== What you need to do ==
Restate the listing below word for word; no pictures belong in the copy.

** Opening Input data block **

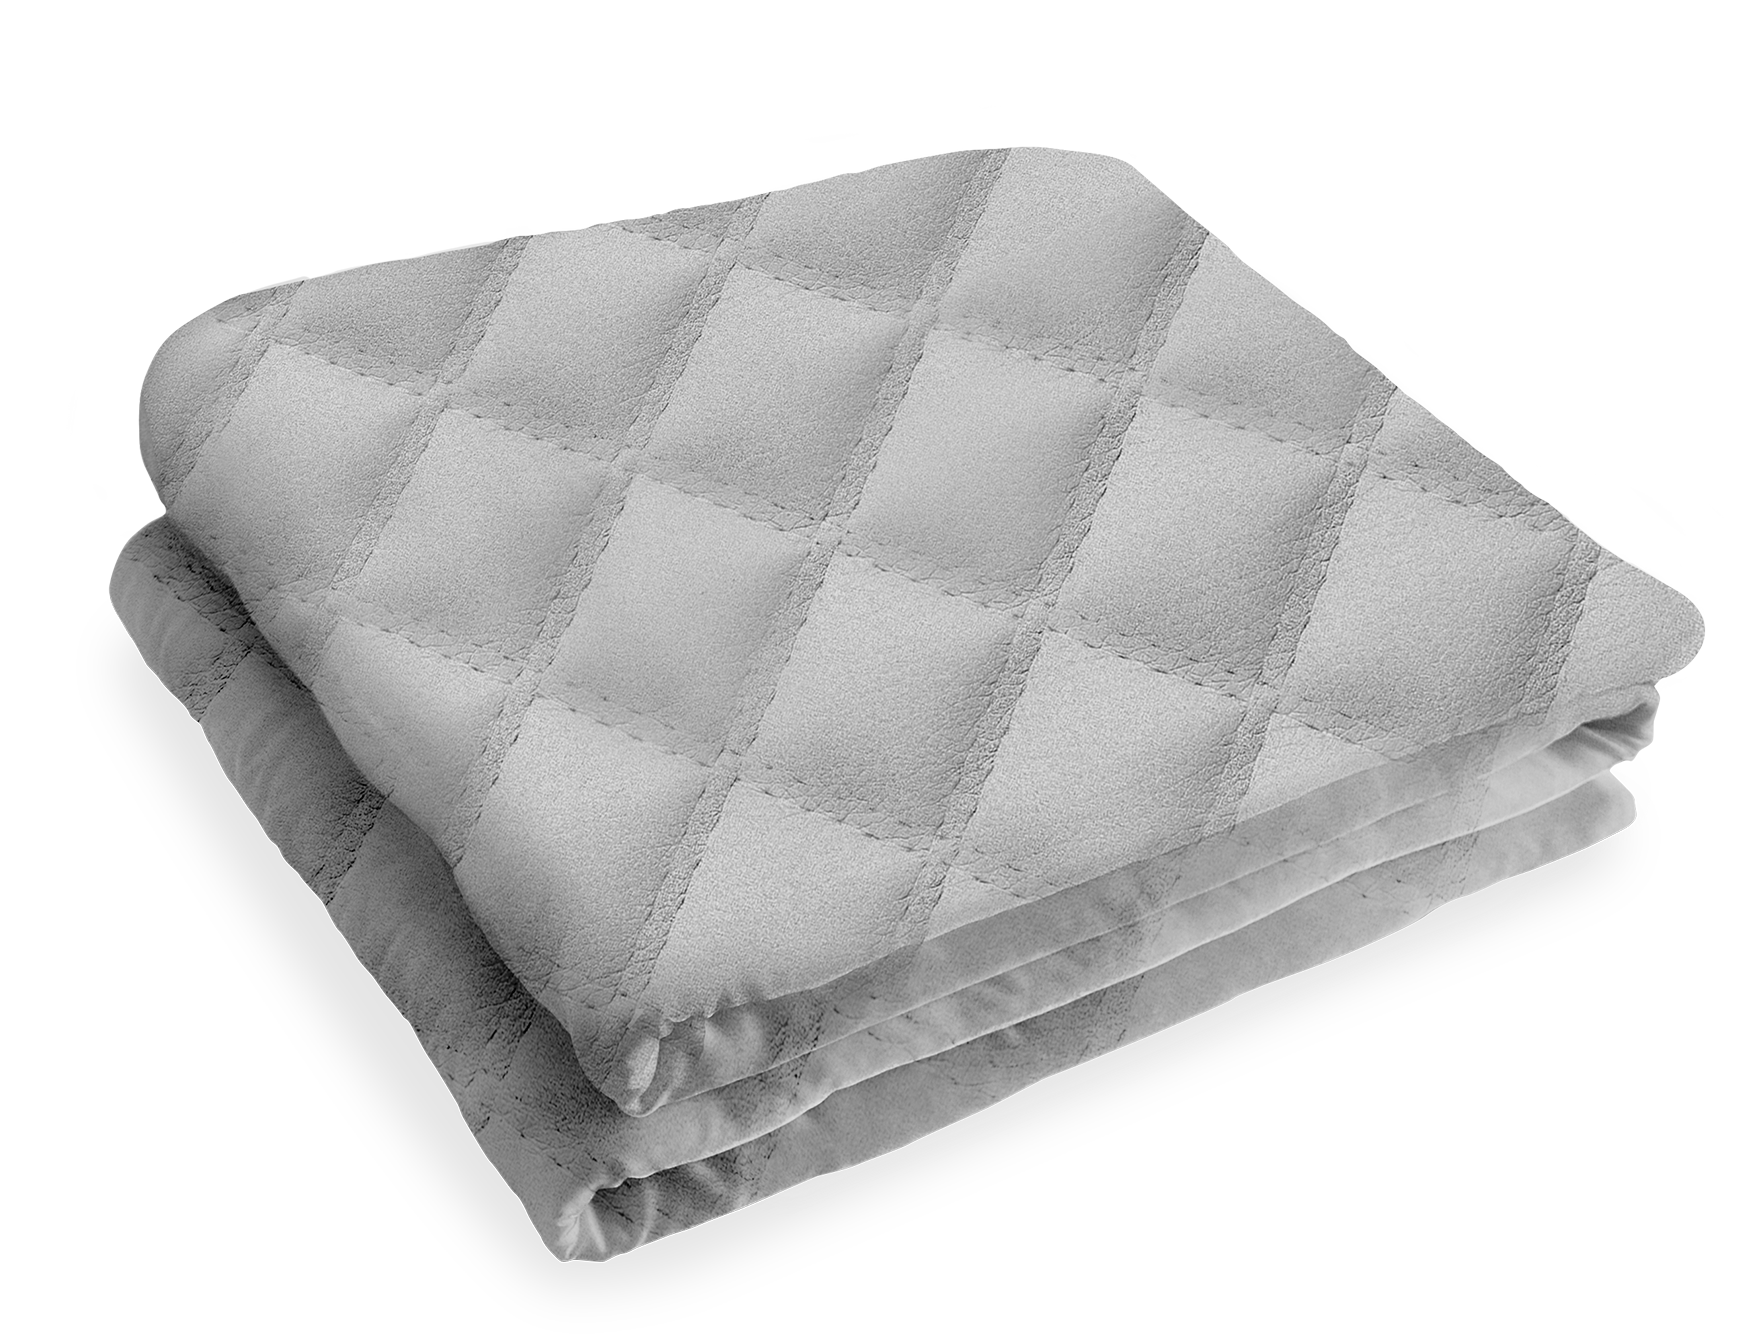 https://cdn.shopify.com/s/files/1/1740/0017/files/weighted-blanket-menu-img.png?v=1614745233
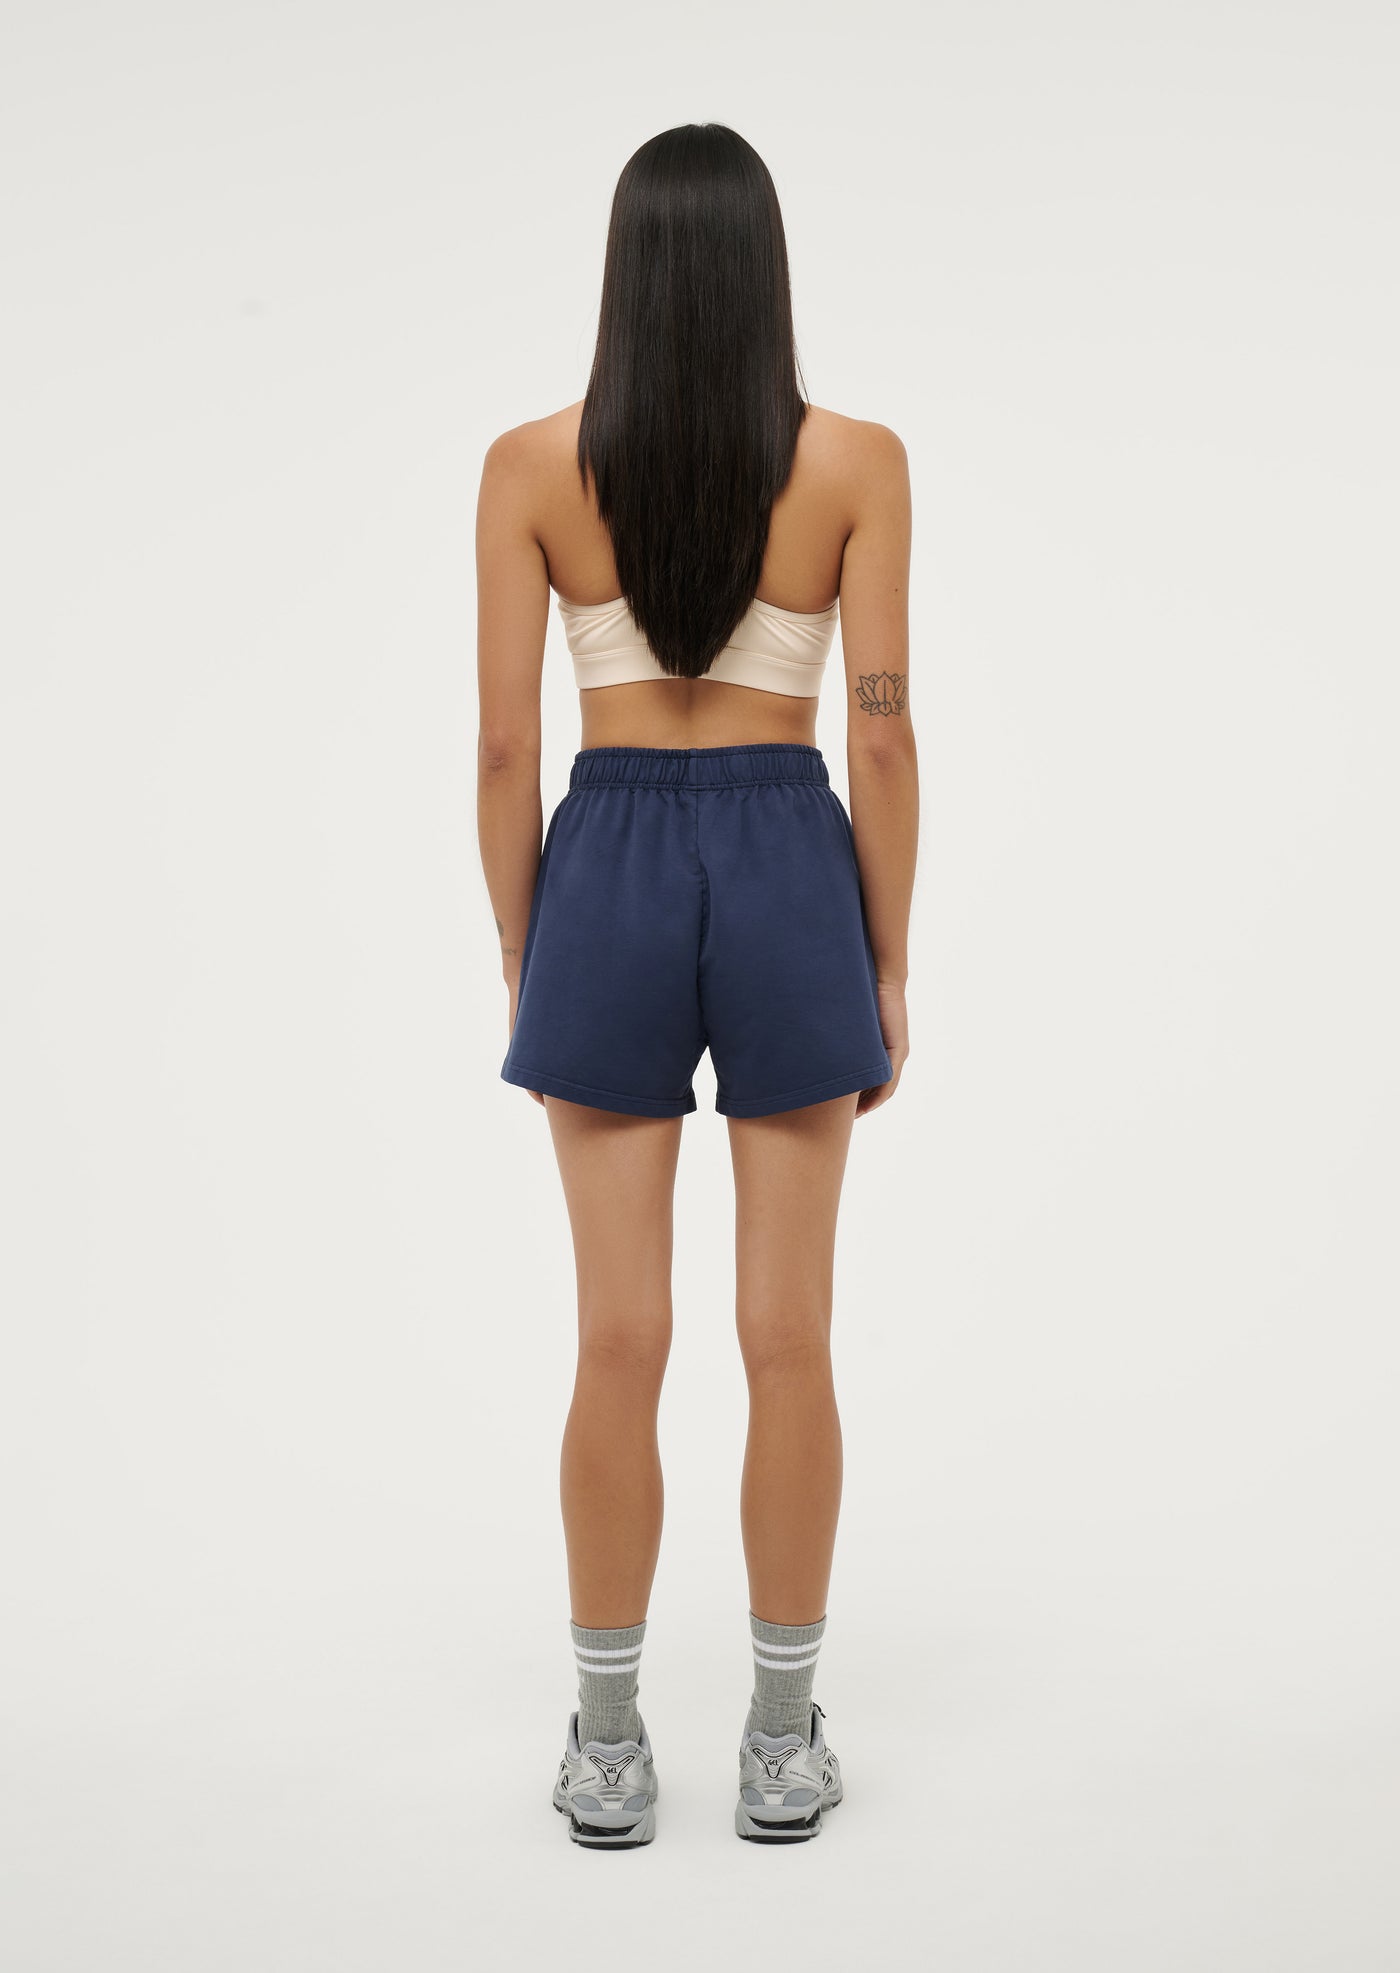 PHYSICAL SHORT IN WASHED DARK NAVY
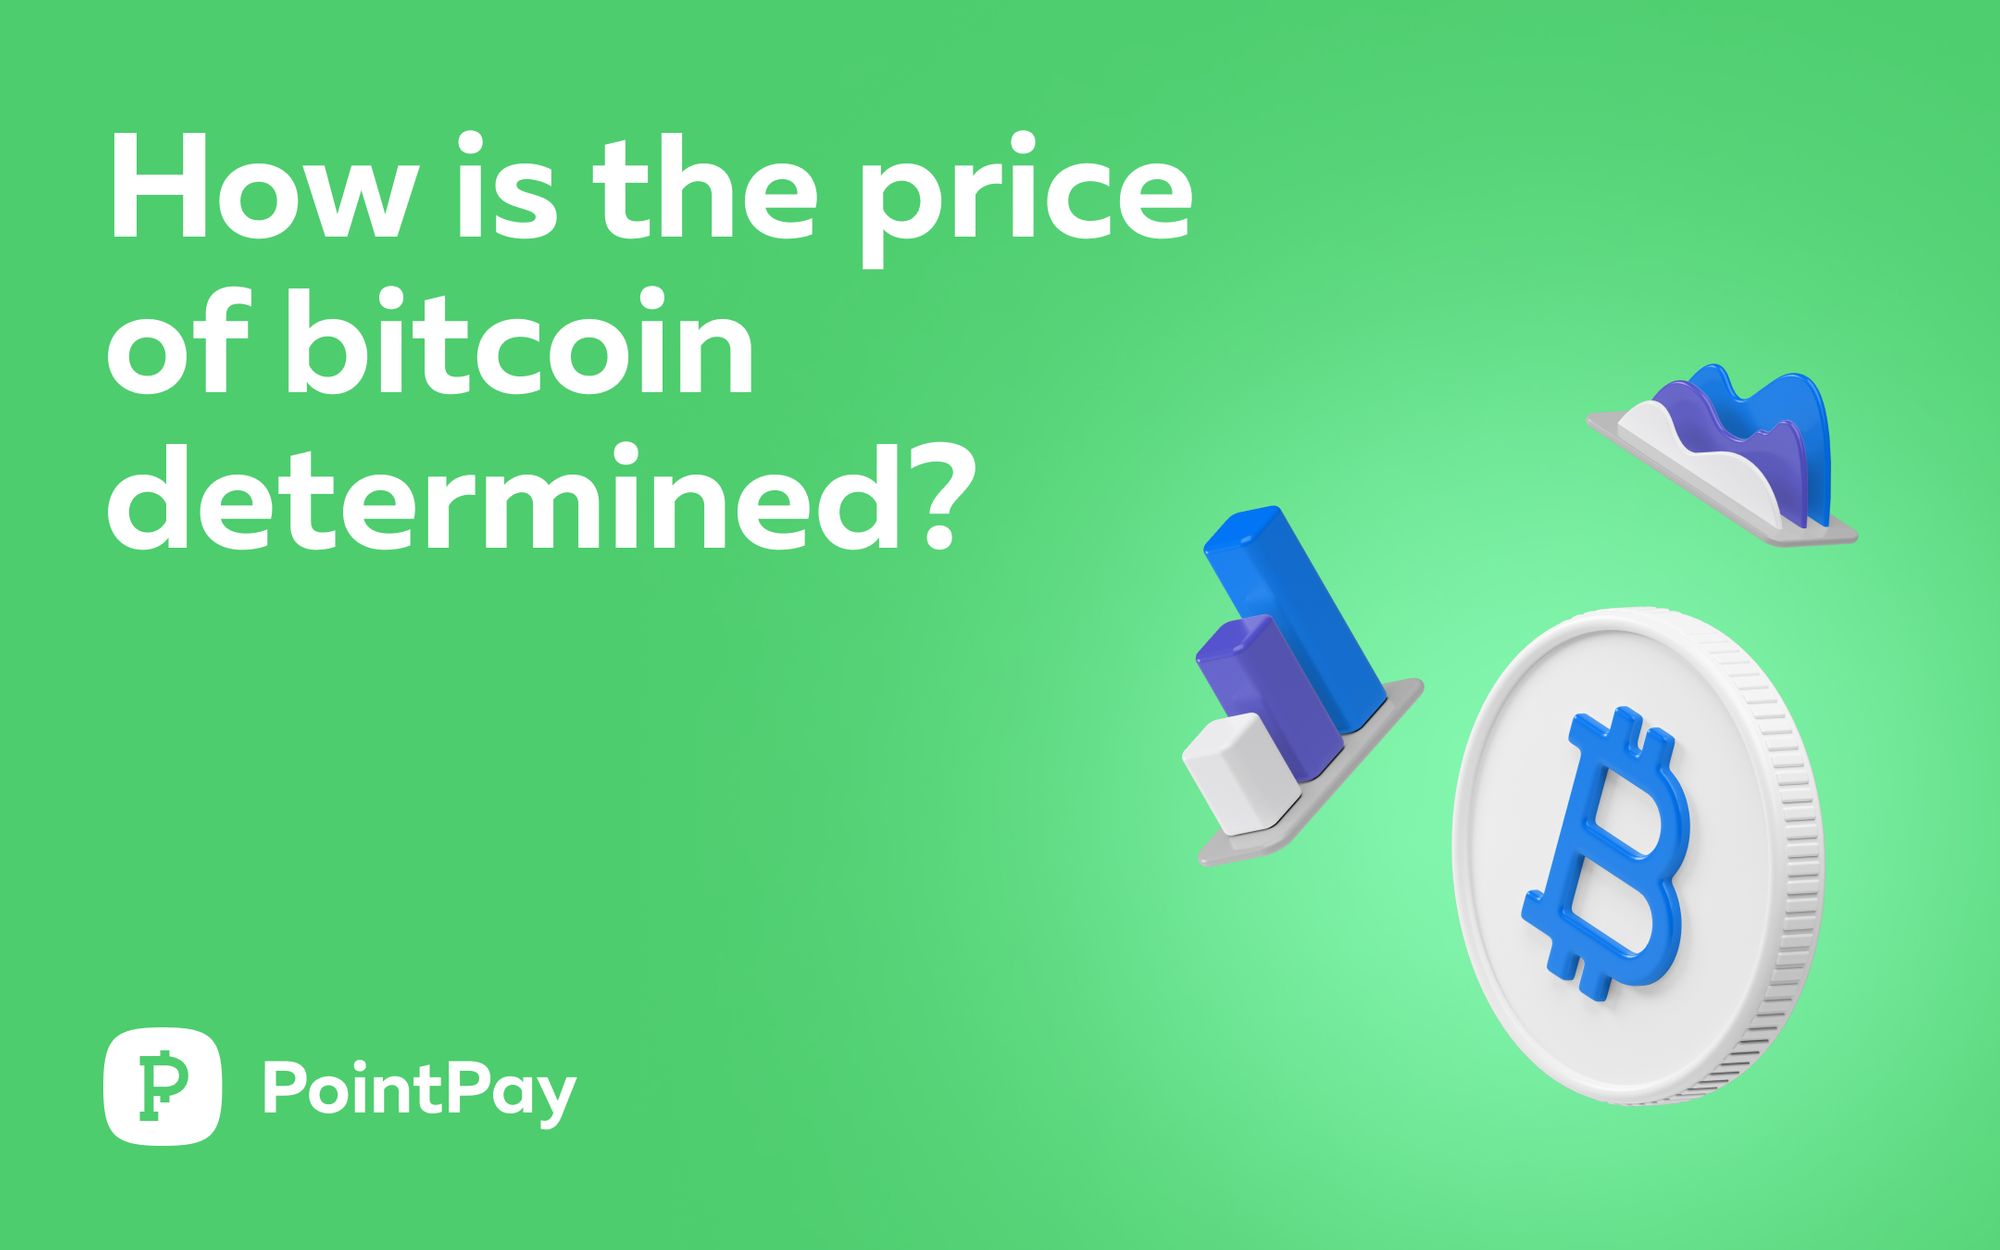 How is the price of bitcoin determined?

** Closing Input data block **

== Answer box ==
 https://cdn.shopify.com/s/files/1/1740/0017/files/weighted-blanket-menu-img.png?v=1614745233
 PHYSICAL SHORT IN WASHED DARK NAVY
 How is the price of bitcoin determined?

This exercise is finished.